Q & A: Dr. Kaushal Asrani, KCA Trailblazer Award winner
Dr. Kaushal Asrani received a 2024 Kidney Cancer Association Trailblazer Award in partnership with Joey’s Wings Foundation for research on “Therapeutic Targeting of EGFR and HER2 in Translocation Renal Cell Carcinoma”. Dr. Asrani is a research associate at the Johns Hopkins School of Medicine in Baltimore, Maryland. We spoke with him about his research and the impact it could have on people with kidney cancer.
What do we currently understand about translocation renal cell carcinoma (tRCC)?
Translocation RCC (tRCC) is a rare and aggressive subtype of non-clear cell, sporadic kidney cancer with a predominance in females, children and young adults, and also demonstrates racial differences, with prevalence and mortality increased in Black and Asian populations, compared to White patients. tRCC arises from chromosomal translocations or gene fusions in the MiT/TFE family of transcription factors [primarily TFE3 and rarely TFEB], that also drive a subset of potentially aggressive mesenchymal tumors called perivascular epithelioid cell tumors (PEComas). These genes regulate fundamental processes like autophagy and lysosomal biogenesis in normal cells, but their unregulated activity in tRCC drives tumor formation, although the mechanisms are not clearly defined. tRCC tumors show a great degree of morphologic and clinical overlap with the major RCC subtypes (ccRCC and pRCC), and are often misclassified, making diagnosis challenging. There is also considerable heterogeneity or variation in kidney tumors driven by different TFE3-fusion proteins, in part due to varying functions of the fusion partners [the most common being ASPSCR1, PRCC and SFPQ], underscoring a need to develop fusion-specific models to study the disease. The rarity of tRCC patients and biospecimens has necessitated the use of alternate models (such as patient-derived xenografts [PDX] or organoids or novel transgenic mice) to study the disease.
Tell us about your research project and how you developed the idea.

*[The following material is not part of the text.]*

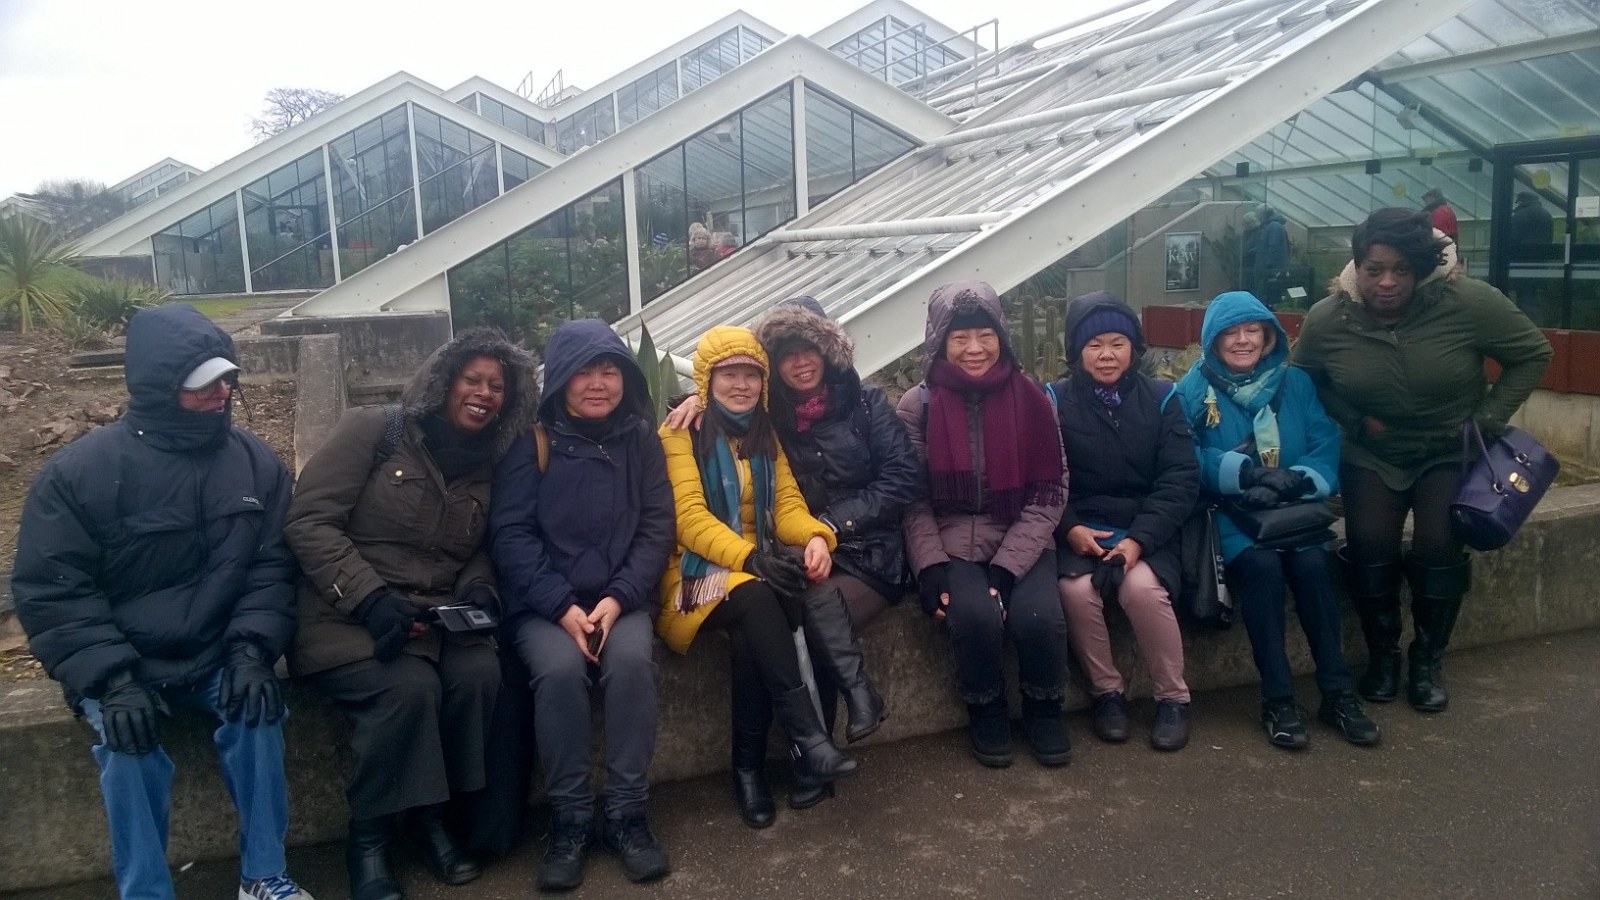 Aylesbury residents visit Kew Gardens Picture 1
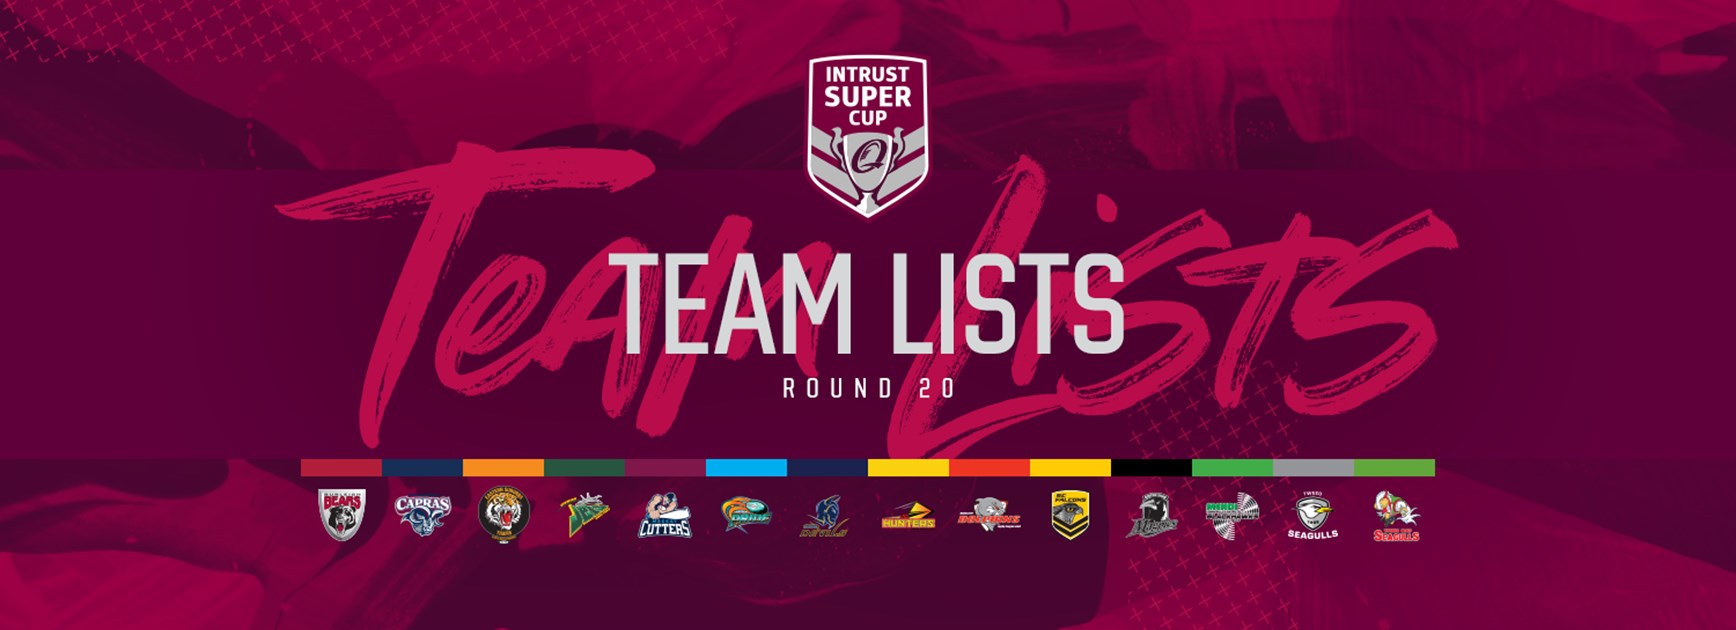 Intrust Super Cup Round 20 team lists

While targeting the fusion oncoproteins themselves would be the most durable strategy, targeting oncogenes that are co-expressed on the surfaces of these tumors represents a highly effective and viable approach for their diagnosis and/ or treatment. EGFR and HER2 are oncogenes that belong to the family of proteins called receptor tyrosine kinases (RTKs). These proteins are commonly overexpressed and have been successfully targeted in many solid organ tumors, using multiple approaches (including highly specific kinase inhibitors, among others). There is some limited evidence from previous studies indicating that EGFR activity is also increased in human and mouse tRCC tumors. We also observed this in a mouse model of SFPQ-TFE3 kidney tumors generated in our lab. Working along with Dr. Ravi Anchoori, (Founder and Chief Scientific Officer of Up Therapeutics LLC), our goal in this project is to leverage our novel mouse model to test both, novel and FDA-approved anti-EGFR/HER2-directed therapies.
What is the potential in researching rare cancer types?
My work on kidney cancer began by studying renal tumors in Tuberous Sclerosis Complex (TSC), another rare kidney cancer subtype that is also prevalent in children. Loss of the TSC tumor suppressor complex is a major driver of mTORC1 activation- that has widespread impacts on cancer, metabolism and aging. In this way, TSC is often considered a “linchpin” disease–one that can potentially unlock new treatments to a wide array of disorders. Similarly, the MiT/TFE factors have widespread roles in autophagy, metabolism and cancer and are believed to drive pathogenesis in a number of diseases. Thus, work on MiT/TFE driven tumors has the potential to impact many fields, and this is a major advantage of researching rare tumors like TSC and tRCC.
What about your research could be most exciting for patients and families?
Transgenic mouse models are very effective at recapitulating human diseases, including cancer, and can serve as a useful pre-clinical tool to test targeted therapeutics. While the management of tRCC continues to be challenging, targeting well-studied tumor proteins such as EGFR or HER2 (or other similar biomarkers) via a combination of novel and/or FDA-approved repurposing agents (such as EGFR/HER2 kinase inhibitors), represents a potentially viable approach for the treatment of tRCC.
Do you have a particular interest in tRCC or pediatric kidney cancer?
My work in cancer, for the last many years, has focused on basic and translational research on rare pediatric kidney tumors (including tRCC and TSC). Additionally, engagement by the kidney cancer community, including patients, advocacy groups, researchers and clinicians provides a major impetus in my work in this field.
What motivates you?
Finding effective biomarkers for early diagnosis, and durable treatment options for tRCC are my primary motivating factors. I am also driven by the prospect of advancing studies of the basic biology of the MiT/TFE proteins and mTOR in other fields, through my work. I am fortunate to be able to work with an amazingly dedicated mentor, research team and collaborators, that has made this work possible!